▶ _INFORMATION SUPPLIED_

========================================================================

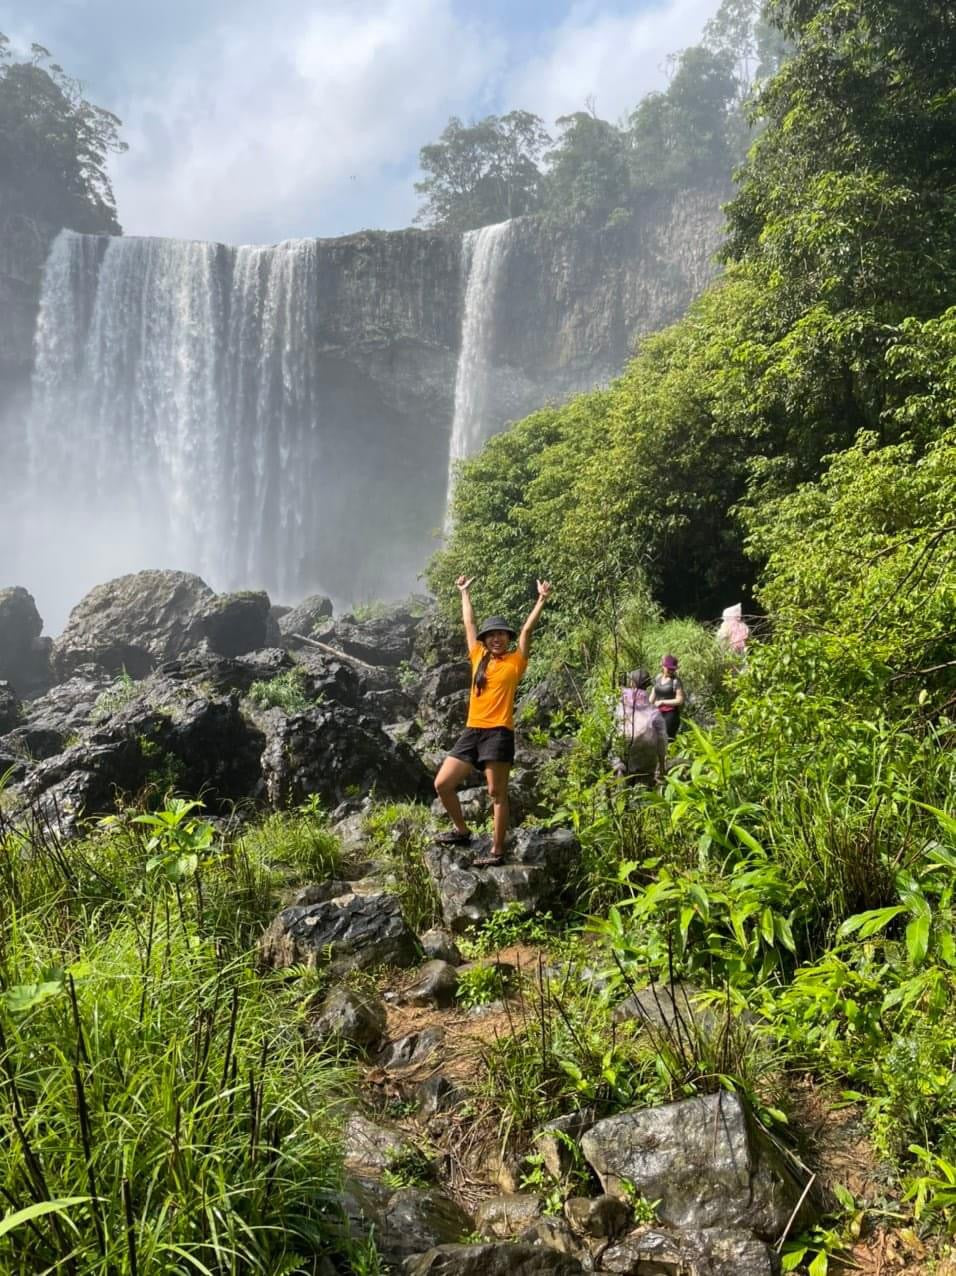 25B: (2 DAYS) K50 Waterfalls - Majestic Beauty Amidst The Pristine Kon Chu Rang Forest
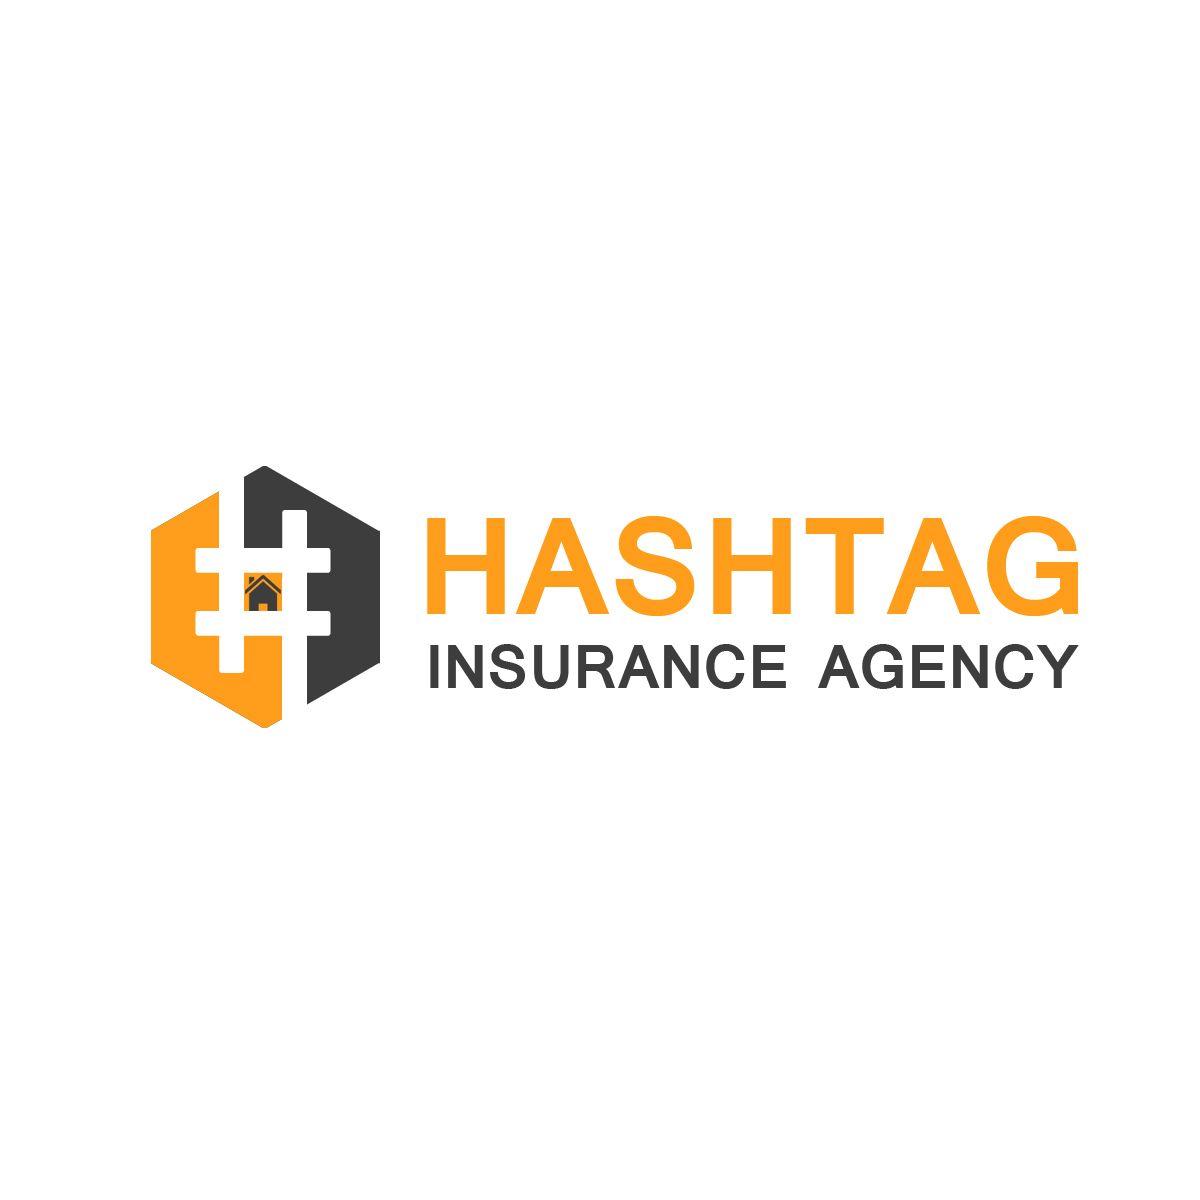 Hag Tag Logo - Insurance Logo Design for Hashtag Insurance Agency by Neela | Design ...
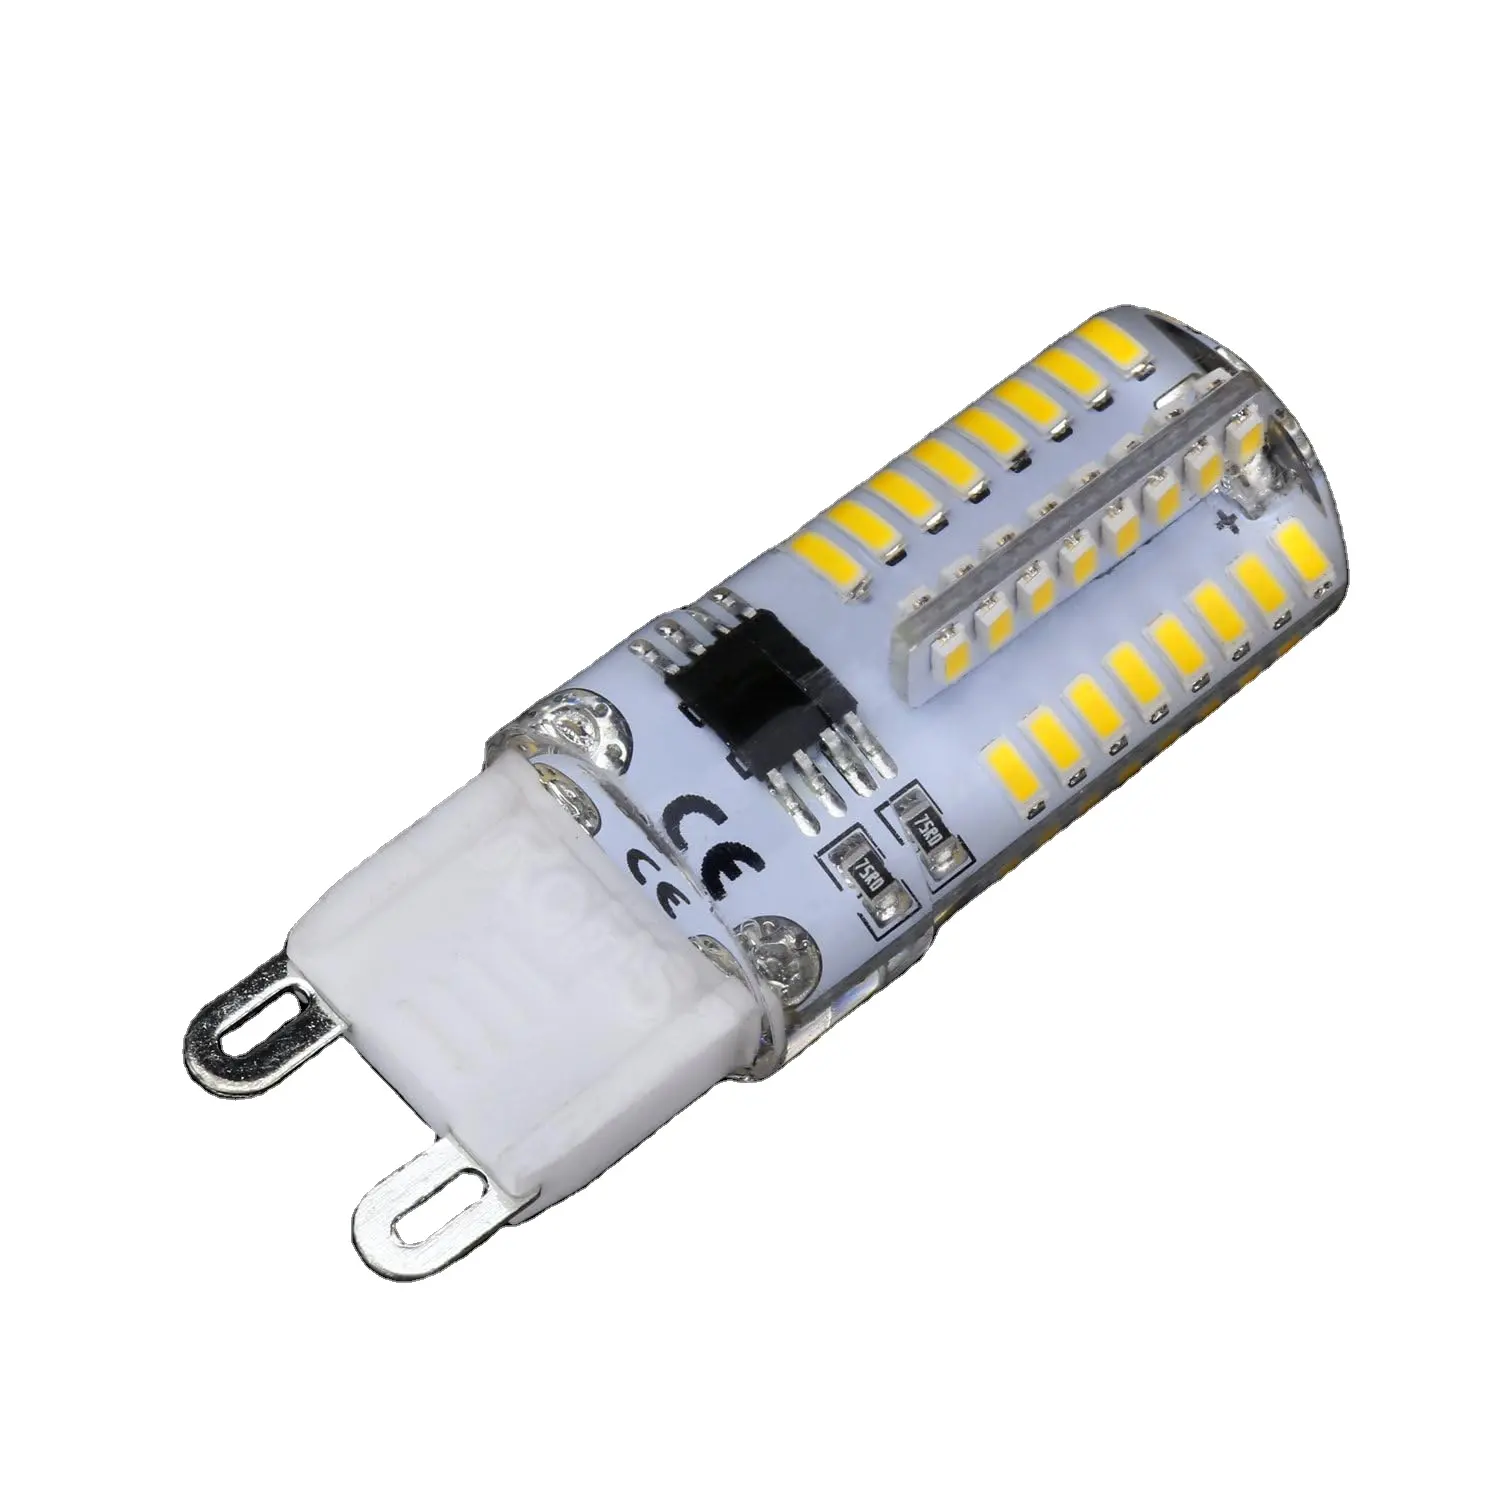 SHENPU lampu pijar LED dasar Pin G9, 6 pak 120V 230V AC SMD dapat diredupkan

========================================================================

▶ _WHAT NEEDS TO BE DONE_
Could you reproduce all of the material exactly? Keep the pictures out of it.

▶ _EXERCISE RESPONSE_
 25B: (2 DAYS) K50 Waterfalls - Majestic Beauty Amidst The Pristine Kon Chu Rang Forest
 Hag Tag Logo - Insurance Logo Design for Hashtag Insurance Agency by Neela | Design ...
 SHENPU lampu pijar LED dasar Pin G9, 6 pak 120V 230V AC SMD dapat diredupkan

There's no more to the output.